The door chimed and slid open to reveal a surprisingly small lobby about the size of Calpurnia’s closet and done in teak. A woman sat at a small ebony desk, typing and looking at two monitors. She saw us and pushed a button built into the desk. “She’s here.”
“Send her in,” said a man’s voice.
She came out from behind the desk and showed me to one of the four identical doors, opening it and taking me down a short hall with four more doors and no windows. She stopped with her hand on the knob and said, “Can I get you anything? Coffee? Water?”
“No, thanks,” I said.
She opened the door, stepped in, and said, “Mercy Watts to see you, sir.”
I walked into a huge office done in paneling that looked like it had been liberated from a sixteenth century chateau. Château de Fontainebleau came to mind with its dark wood and rich colors.

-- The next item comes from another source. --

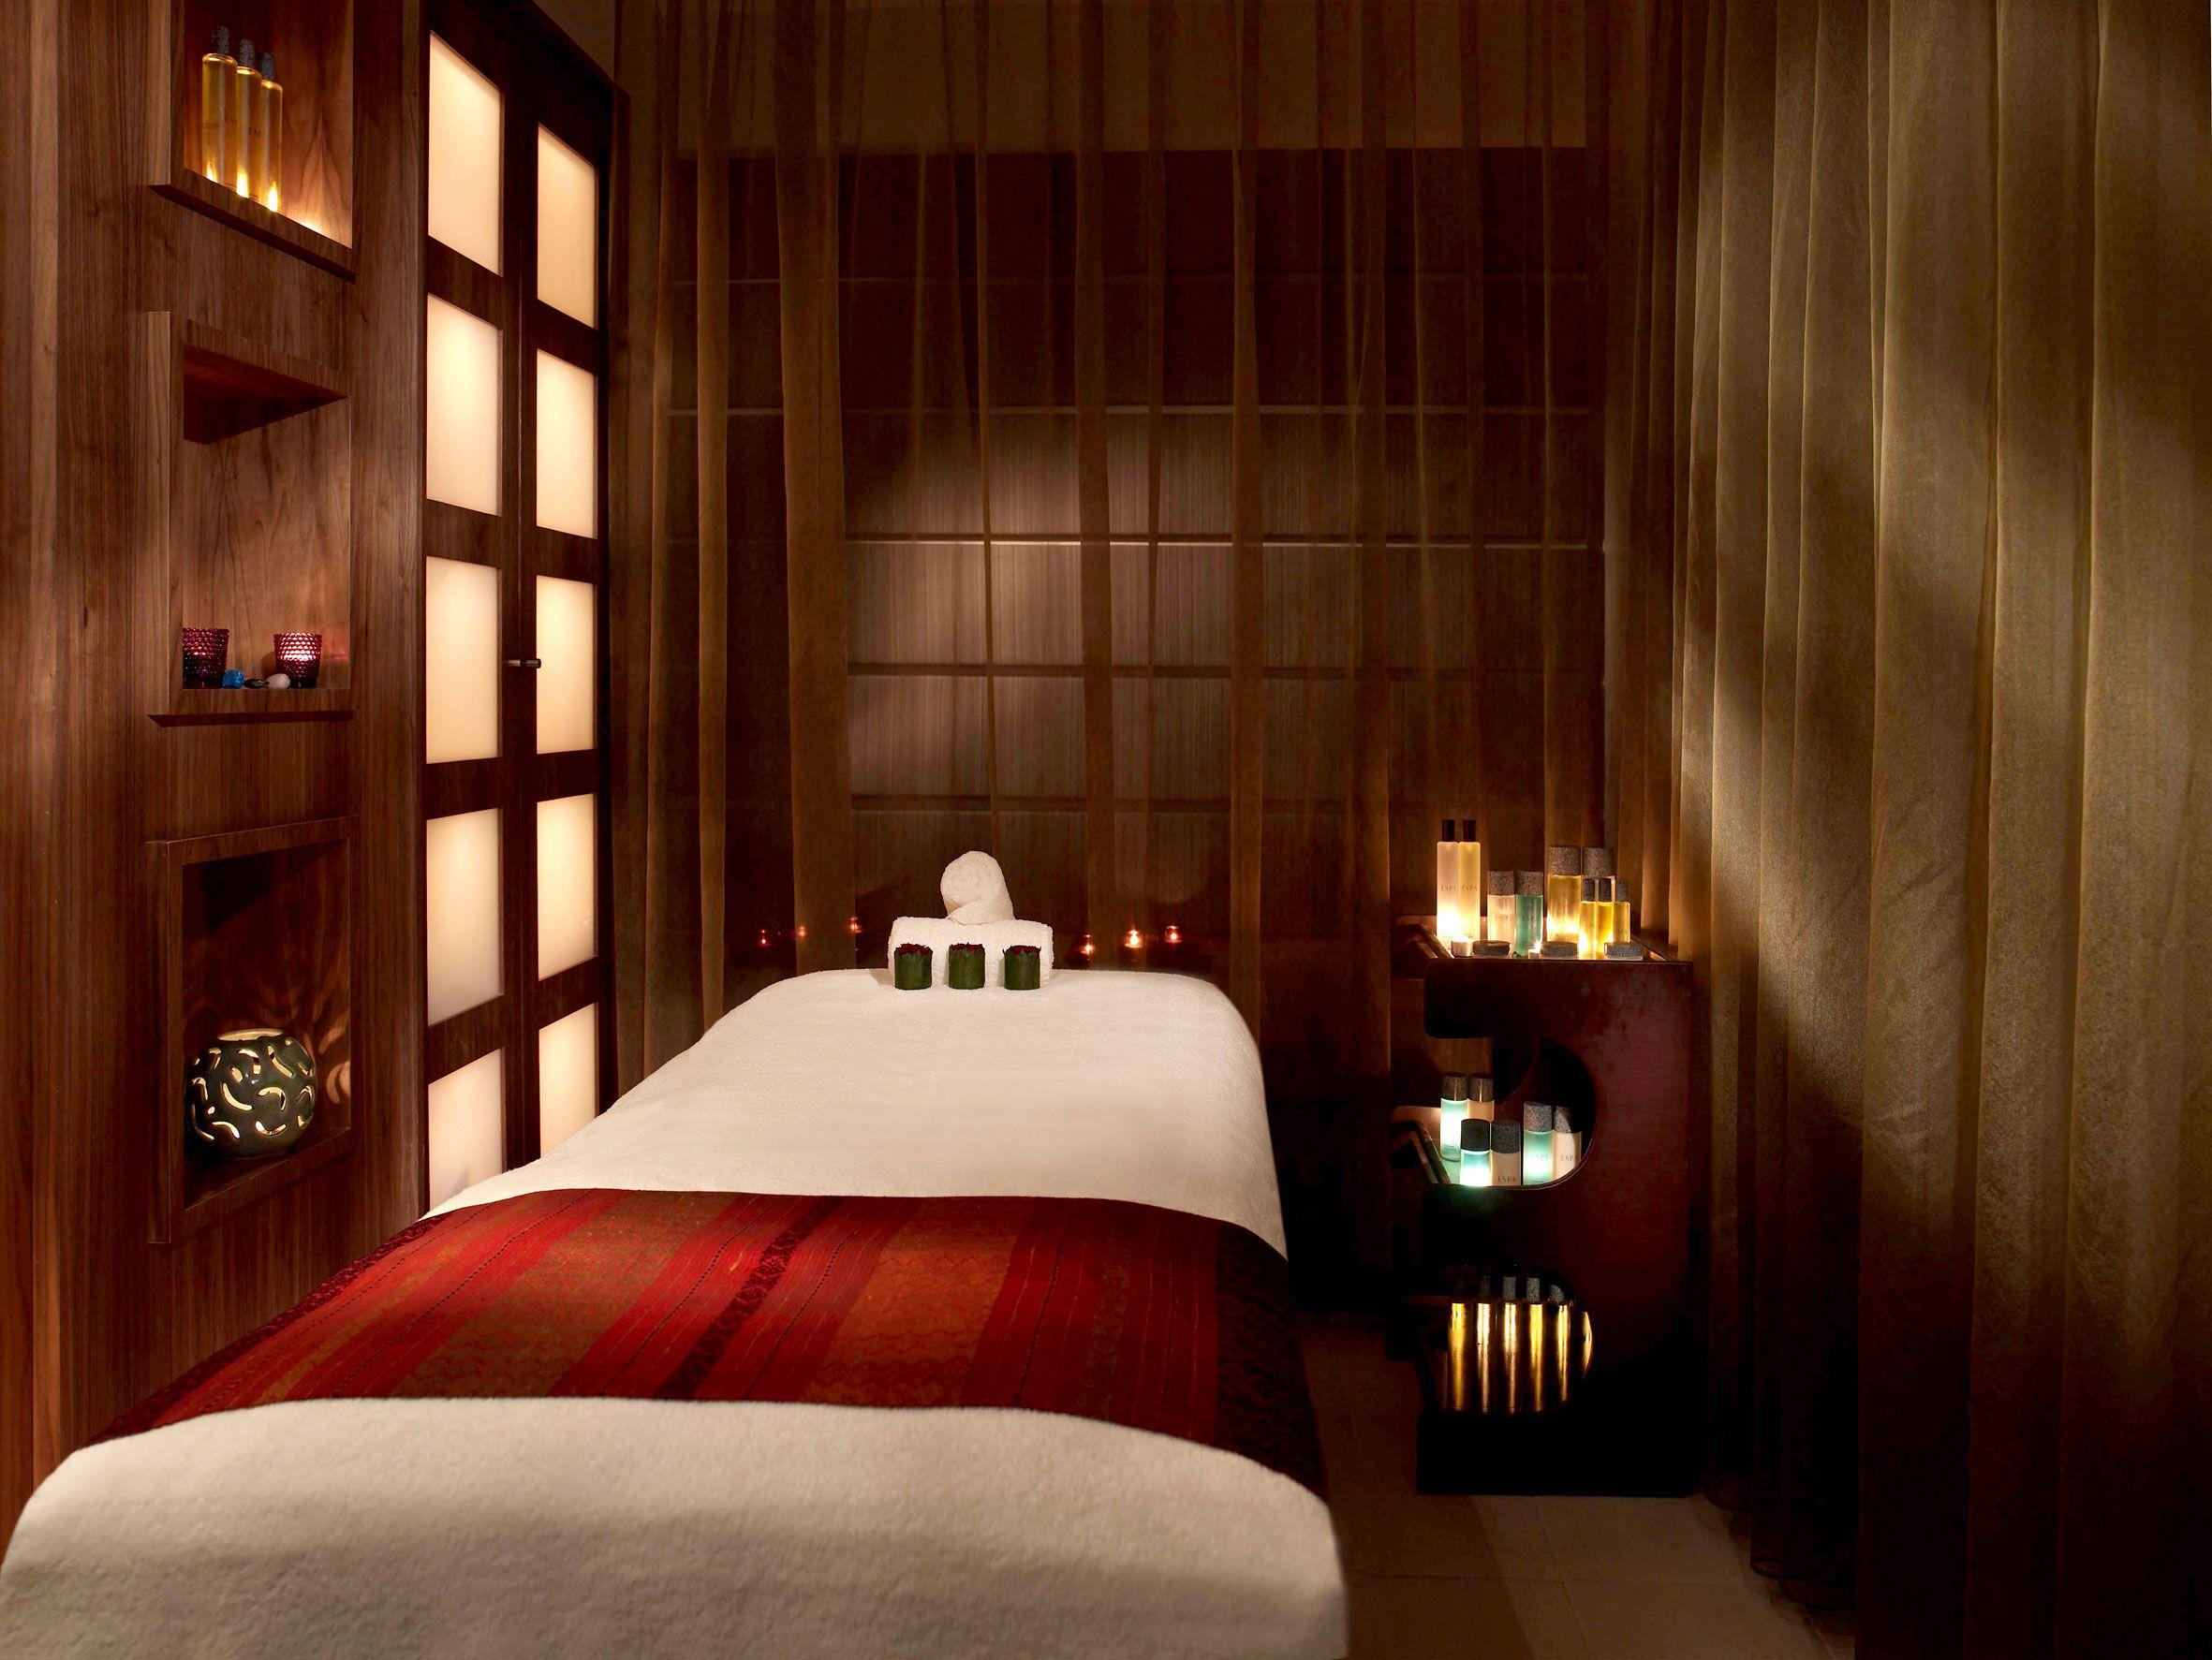 Massage Therapy Room Design Ideas Part - 44: Spa Rooms | Landmark Spa U0026 Health Club Spa Treatment Room At A Hotel Spa In  · Massage Therapy RoomsMassage Room DesignMassage Room DecorSpa ...

But just like Fontainebleau it didn’t feel dark or oppressive but instead warm and right, just like the man who sat behind the ornately carved desk. He was eighty if he was a day with thin silver strands of hair that sort of floated around his mostly bald, wrinkly scalp. He wore a dark blue suit and a paisley bow tie. He totally looked at home in the gorgeous room. He did not look like an Eric Schneider or anybody else that Spidermonkey said was involved with Elite.
“Miss Watts,” he said, coming to his feet slowly. “Come in and join us.”
That’s when I noticed the stiletto heels poking out from a large wingback chair. I looked back for Charles, but she’d already closed the door so I took a breath and walked over to the other wingback. Mr. Schneider or whoever he was discreetly watched me, noting every single thing about my appearance. It wasn’t exactly rude, but I felt more comfortable in front of Hervé in my ratty bra and panties. He wasn’t trying to figure me out. This man was.
I sat down, tucking the velvet of my wide skirt under my rear and crossing my ankles. Mom would be so proud.